## [Your goal]
From the material below, set down exactly the lines that run from the one containing "Visual of the" to the one containing "Dining Room Decor", minus the pictures.
START Dataset entries
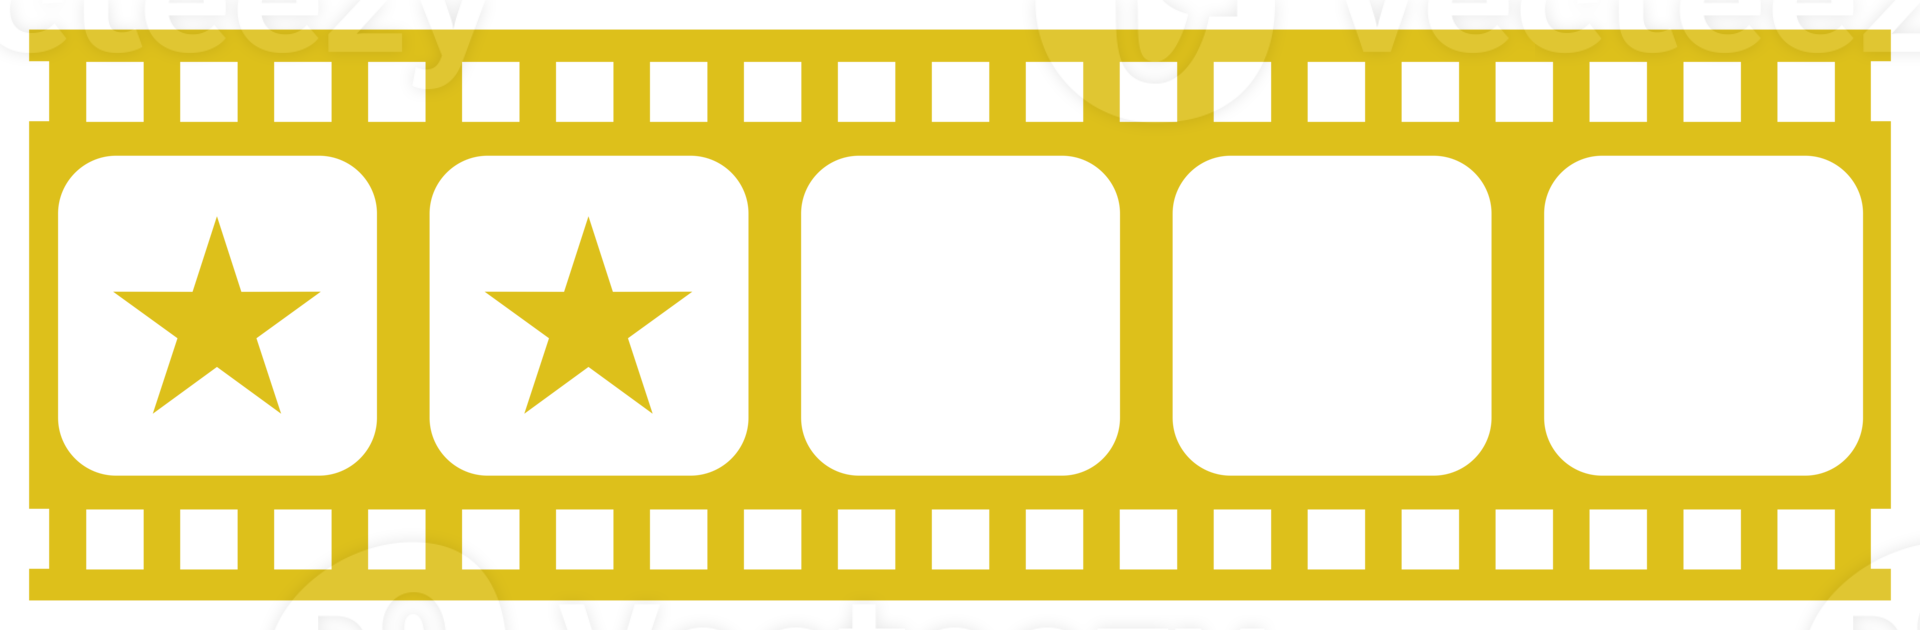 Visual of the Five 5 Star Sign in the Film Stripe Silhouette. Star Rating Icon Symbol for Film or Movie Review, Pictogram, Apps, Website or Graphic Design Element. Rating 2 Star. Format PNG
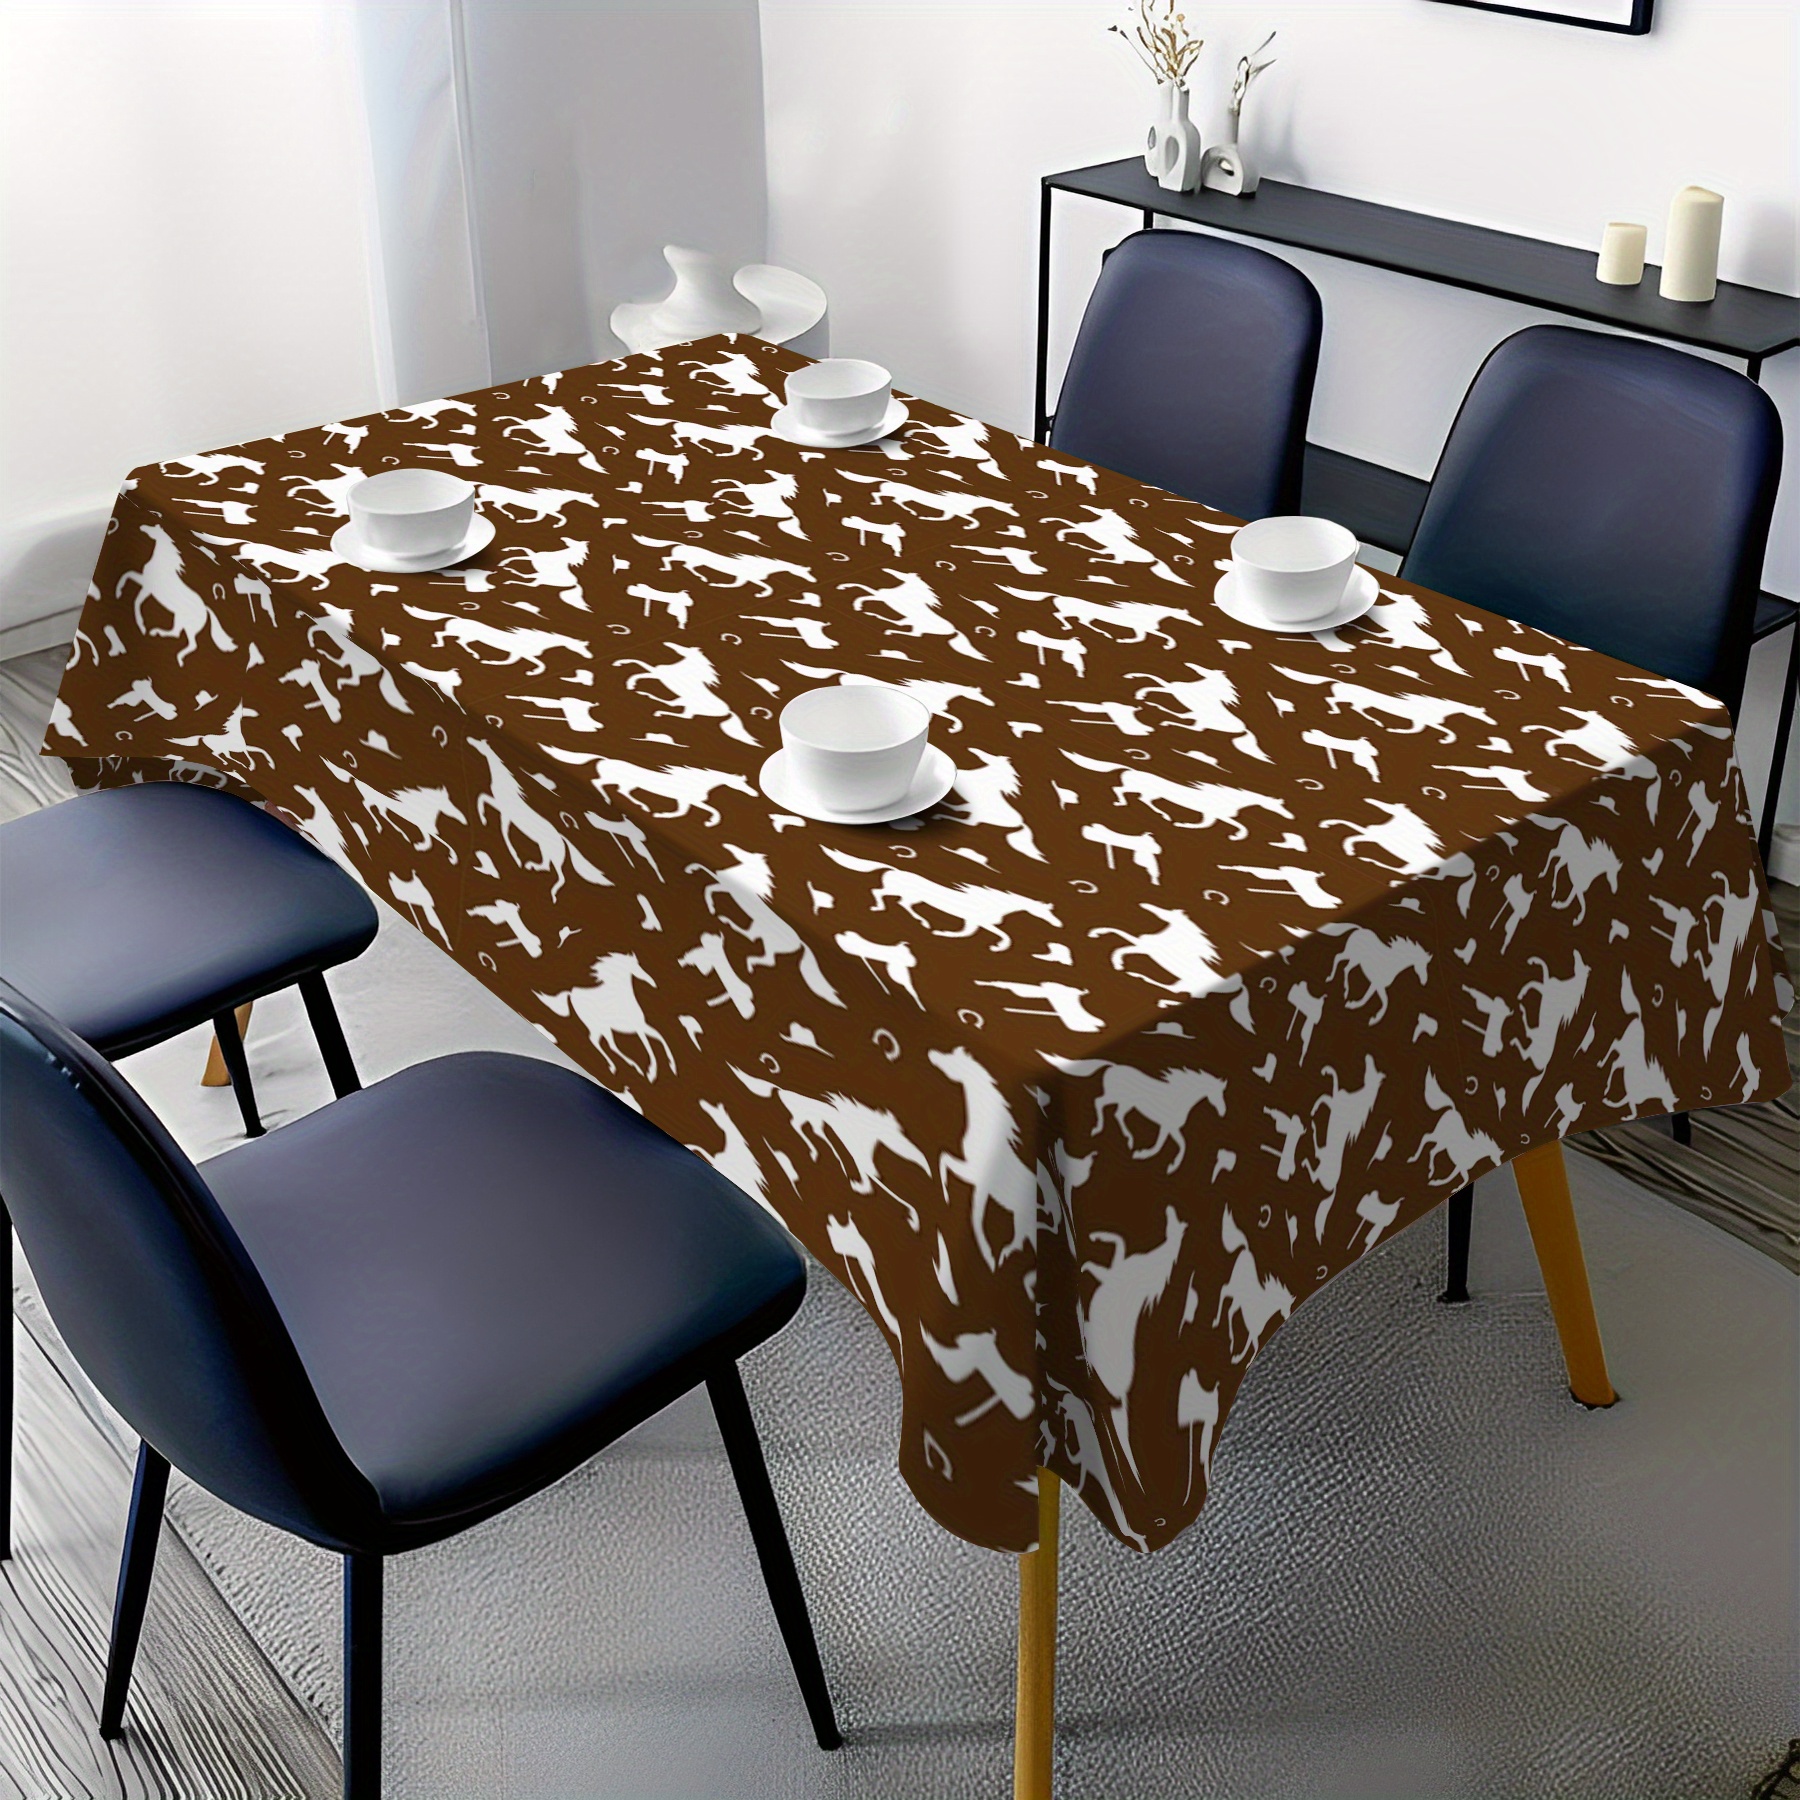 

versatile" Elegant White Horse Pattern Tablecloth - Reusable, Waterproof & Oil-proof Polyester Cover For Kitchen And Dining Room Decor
END Dataset entries
START Dataset entries
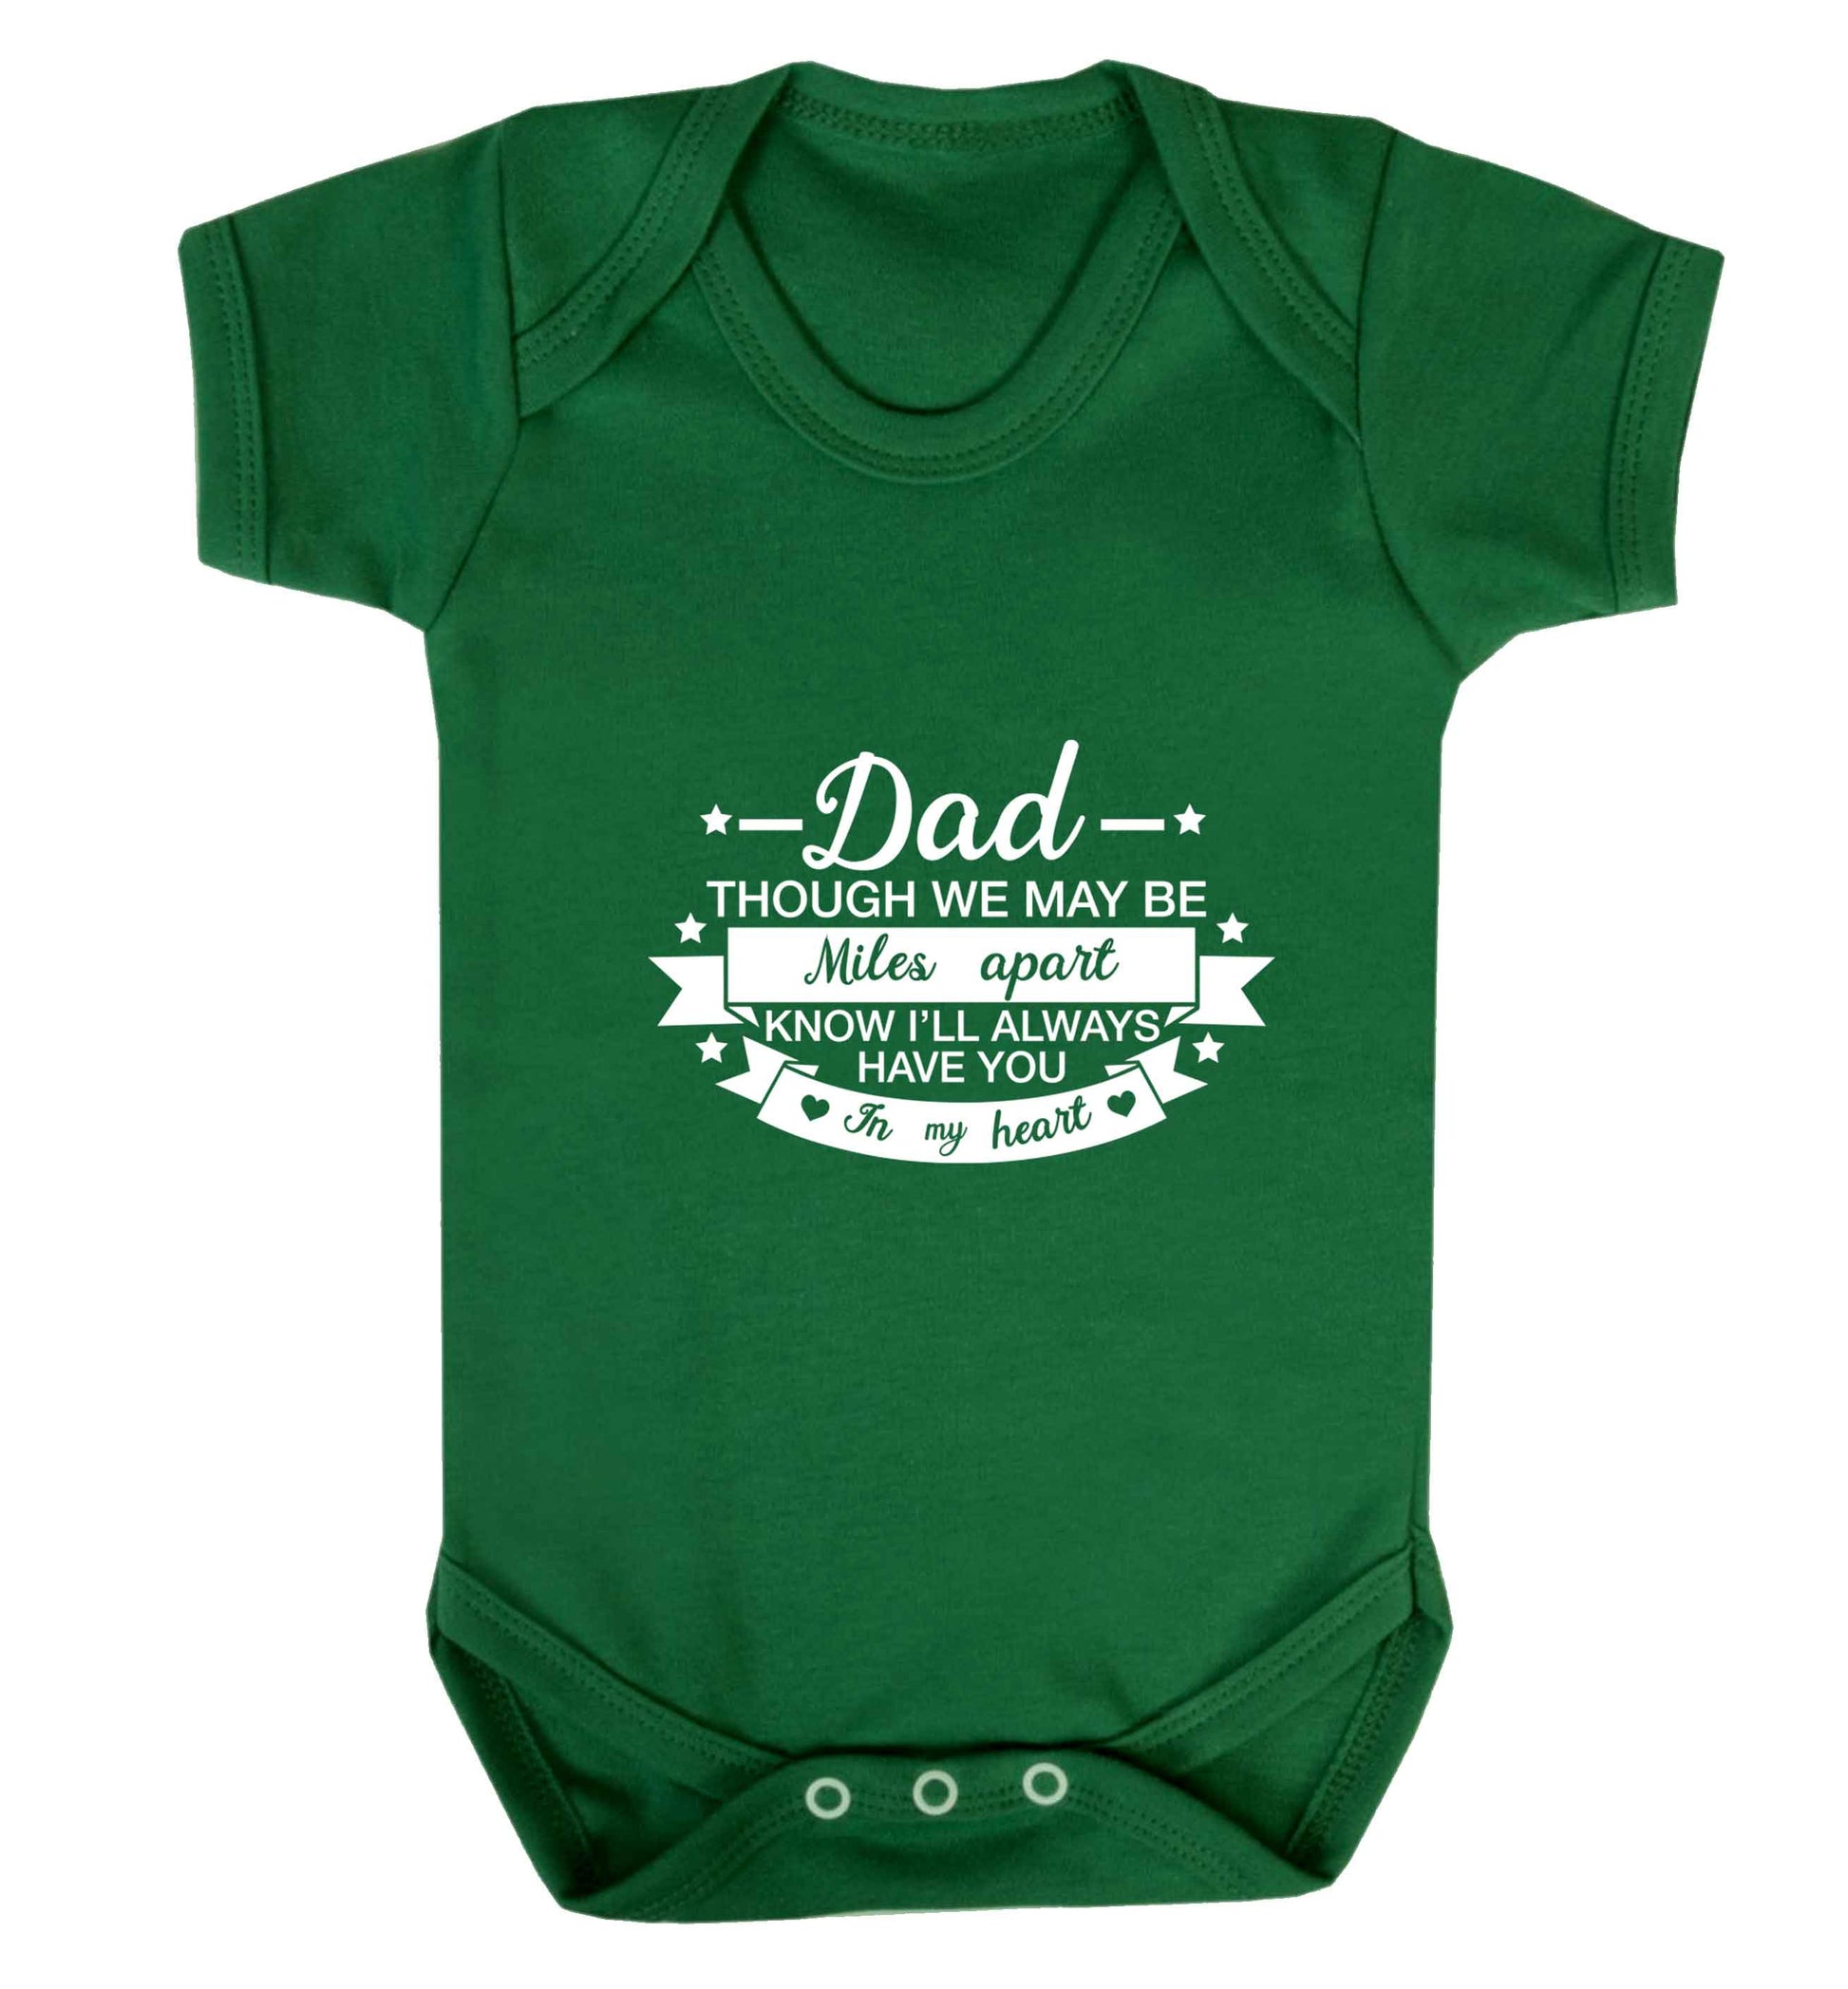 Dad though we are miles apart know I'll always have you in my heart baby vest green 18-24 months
END Dataset entries
## [Result]
 Visual of the Five 5 Star Sign in the Film Stripe Silhouette. Star Rating Icon Symbol for Film or Movie Review, Pictogram, Apps, Website or Graphic Design Element. Rating 2 Star. Format PNG

versatile" Elegant White Horse Pattern Tablecloth - Reusable, Waterproof & Oil-proof Polyester Cover For Kitchen And Dining Room Decor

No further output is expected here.